Iterators and lists or tuples both represent collections of items that can be accessed one at a time and can be consumed or processed with for loops and similar constructs. Why use iterators at all?

The reason is simple: lists consume memory for every item in the list. An iterator can retrieve or construct each item as needed and because of that only requires enough memory to store one item.

Let’s look at an example so we can see exactly what that can mean.

>>> import sys
>>> sys.getsizeof(list(range(1000000)))
9000112
>>> sys.getsizeof(range(1000000))
48

So if you are accessing a data structure one element at a time, it can pay huge dividends in both memory and performance to implement an iterator for the object.

The itertools module

The itertools module is a collection of useful iteration patterns and includes 3 basic kinds of iterators: infinite iterators, finite iterators and combinatoric iterators. We give examples of each type below.

infinite iterators

The infinite iterators will keep yielding values until you stop calling for them. They’re great for marking other iterables in some useful way.

>>> from itertools import count
>>> count()
count(0)
>>> list(zip('beluga', count()))
[('b', 0), ('e', 1), ('l', 2), ('u', 3), ('g', 4), ('a', 5)]
>>> from itertools import cycle
>>> list(zip('beluga', cycle([1, 2, 3])))
[('b', 1), ('e', 2), ('l', 3), ('u', 1), ('g', 2), ('a', 3)]
>>> from itertools import repeat
>>> list(zip('beluga', repeat([1, 2, 3])))
[('b', [1, 2, 3]),
 ('e', [1, 2, 3]),
 ('l', [1, 2, 3]),
 ('u', [1, 2, 3]),
 ('g', [1, 2, 3]),
 ('a', [1, 2, 3])]

Finite iterators

Finite iterators are exhausted when their inputs are used up. There are about a dozen of these. Here are a few examples to whet your appetite:

Starmap

This one has the coolest name. It takes a function and an iterable and applies the function to the elements.

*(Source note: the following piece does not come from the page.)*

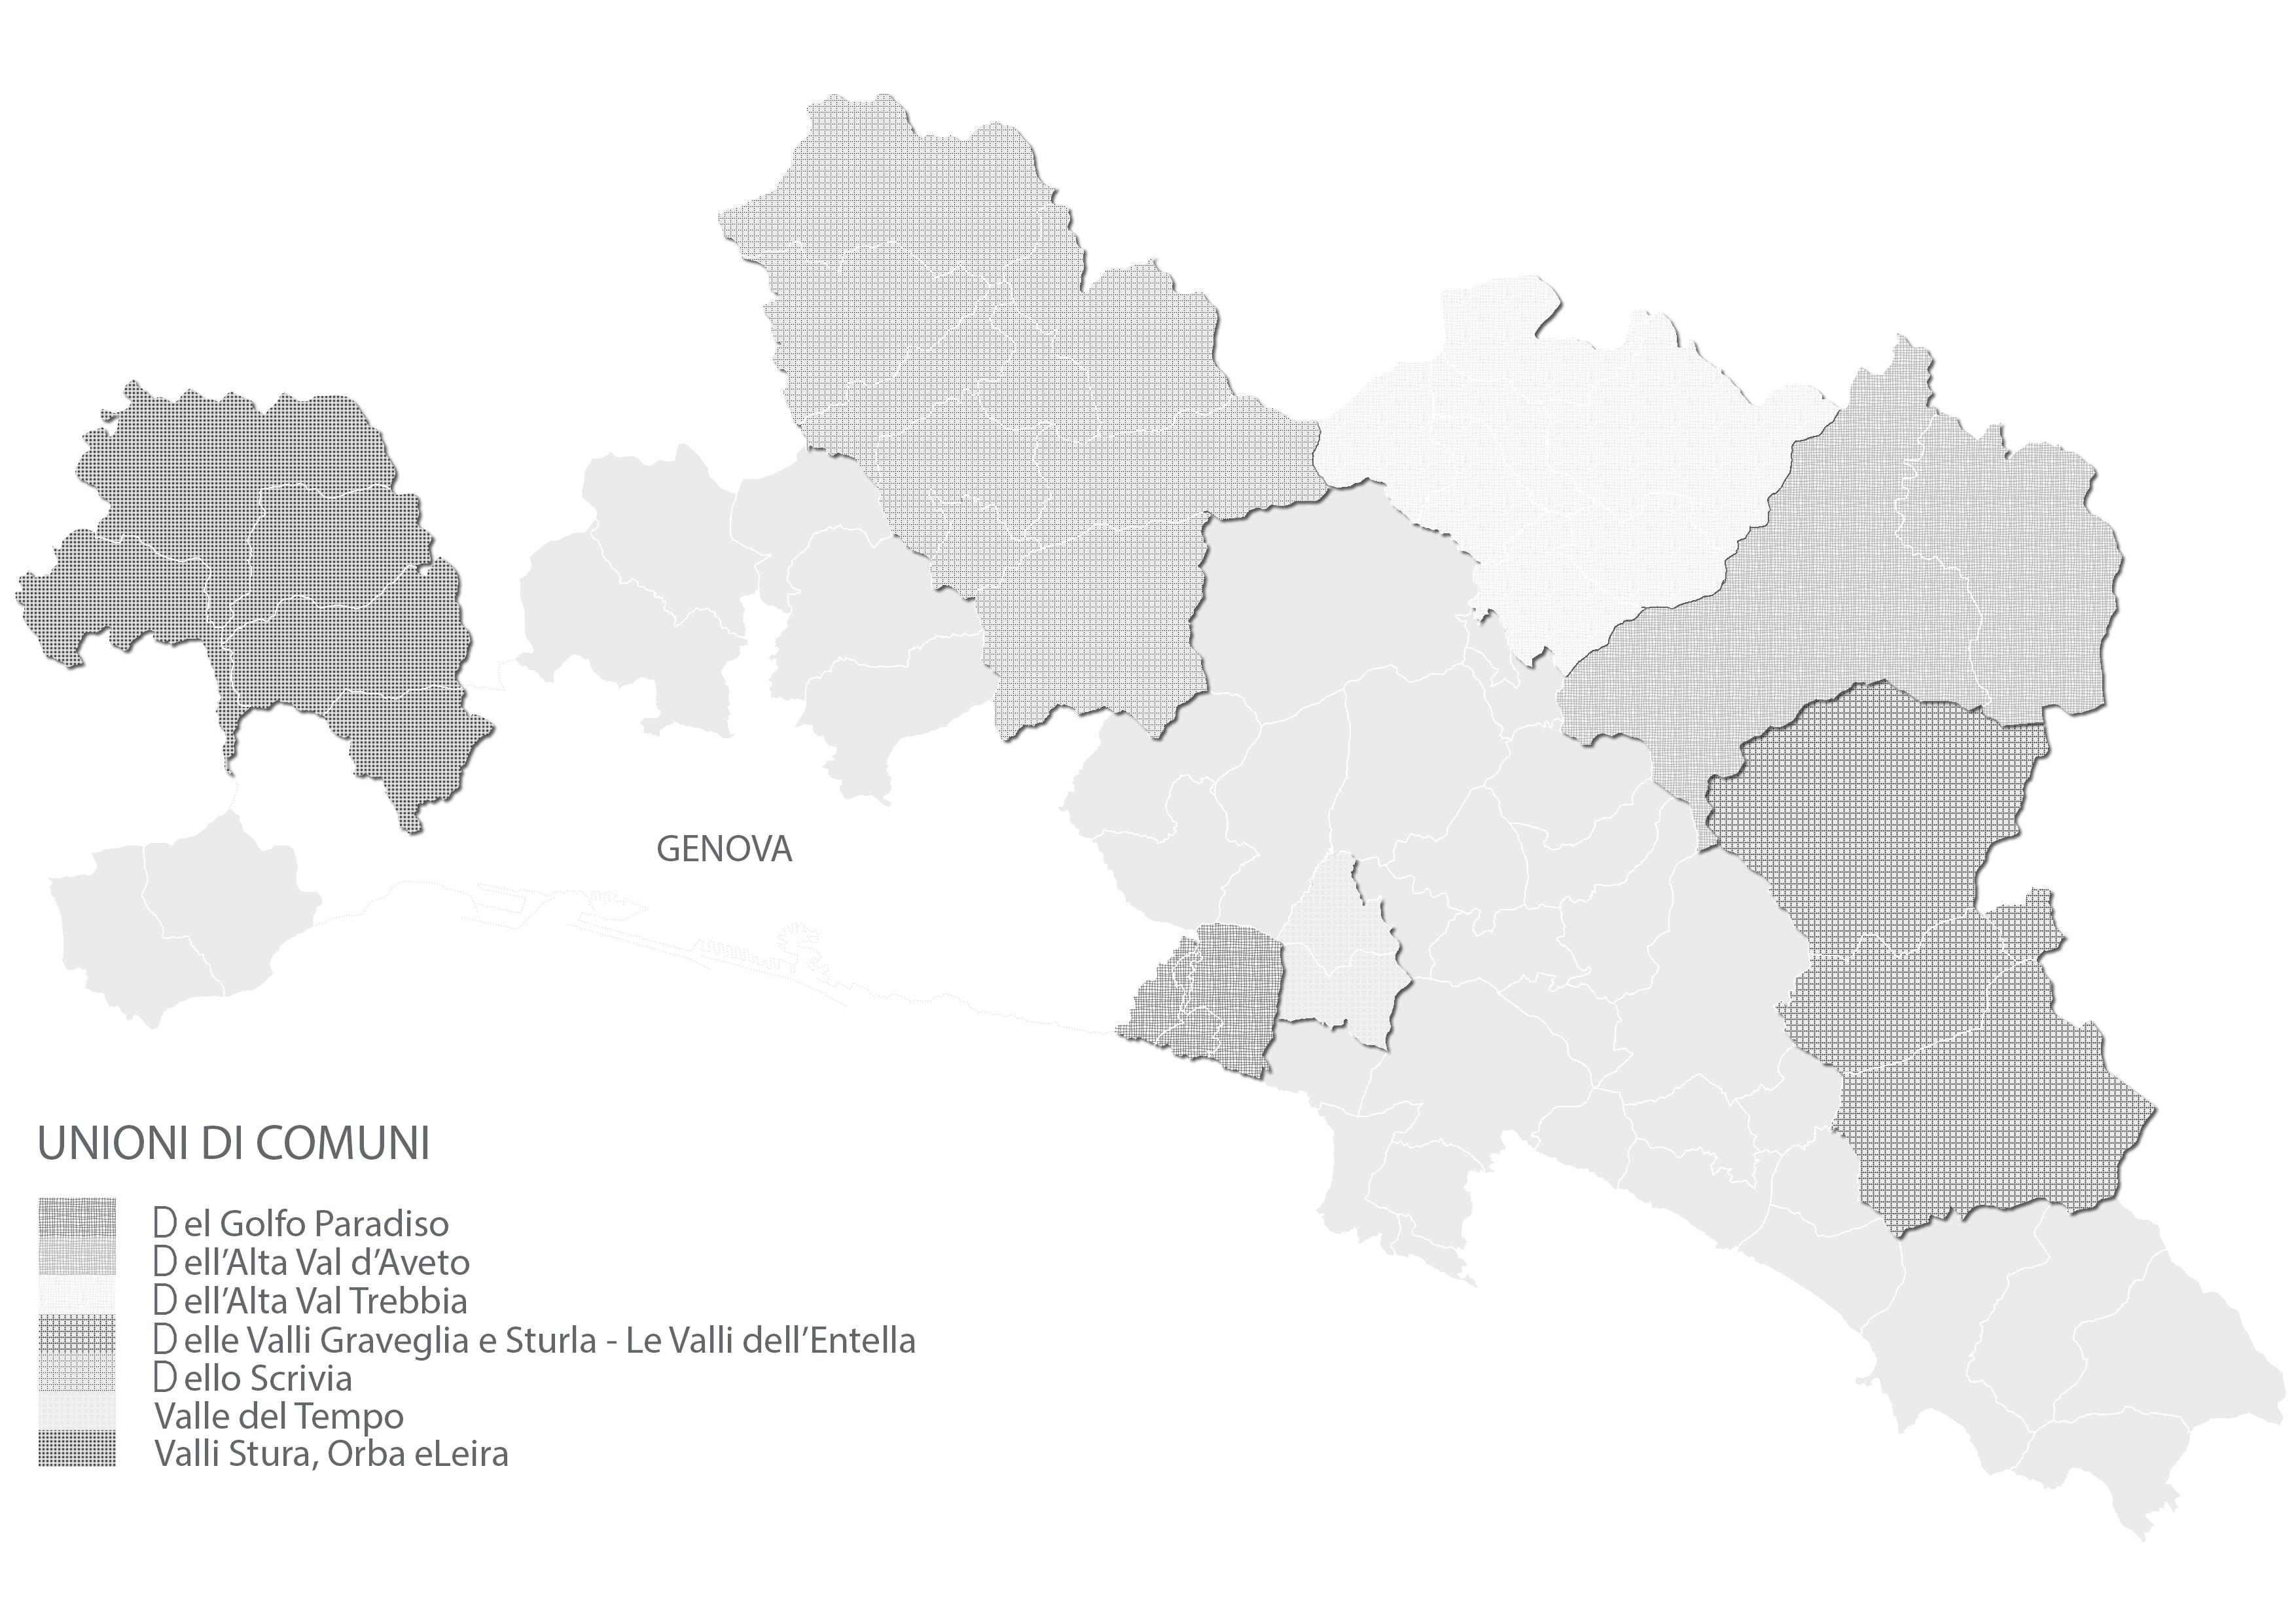 Unioni di Comuni - Città Metropolitana di Genova

The number of members of each element should correspond to the number of arguments to the function.

from math import sqrt
from itertools import starmap

discriminants = [x for x in starmap(lambda a, b, c: sqrt(b**2 - 4*a*c), 
                                    [(1, -2 , 1), (1, 4, 4)])]
print(discriminants)
# [0.0, 0.0]

Chain

Chain allows multiple iterators to be treated as a single sequence.

from itertools import chain
for c in chain('separate', 'words'):
    print(c)
'''
s
e
p
a
r
a
t
e
w
o
r
d
s
'''

Accumulate

Accumulate captures the all the intermediate results of applying a function of two arguments succesively to each element of the input interable and the result thus far.

This allows us to capture running totals. You can use user-defined functions, lambda functions or import operators to use efficient implementations of python’s built-in operators with function syntax.

# factorial
from itertools import accumulate
import operator 
list(accumulate(range(1, 10), operator.mul))
# [1, 2, 6, 24, 120, 720, 5040, 40320, 362880]
# operator.add is the default function
# running total
from itertools import accumulate
list(accumulate(range(1, 10)))
# [1, 3, 6, 10, 15, 21, 28, 36, 45]

Combinatorial iterators

The combinatorial iterators are extremely handy when you need to use a group of combinations of items.

>>> from itertools import product, permutations, combinations, combinations_with_replacement

Product

Product produces the same result as a nested for loop.

>>> list(product('abc', 'def'))
[('a', 'd'),
 ('a', 'e'),
 ('a', 'f'),
 ('b', 'd'),
 ('b', 'e'),
 ('b', 'f'),
 ('c', 'd'),
 ('c', 'e'),
 ('c', 'f')]

Permutations

Permutations returns all possible unique selections of length n from the input iterable.

>>> list(permutations(['red', 'green', 'blue'], 2))
[('red', 'green'),
 ('red', 'blue'),
 ('green', 'red'),
 ('green', 'blue'),
 ('blue', 'red'),
 ('blue', 'green')]

Combinations

Combinations returns all possible unique selections of length n from the input iterable ignoring order (i.e only one of [('red', green), ('green', 'red')]).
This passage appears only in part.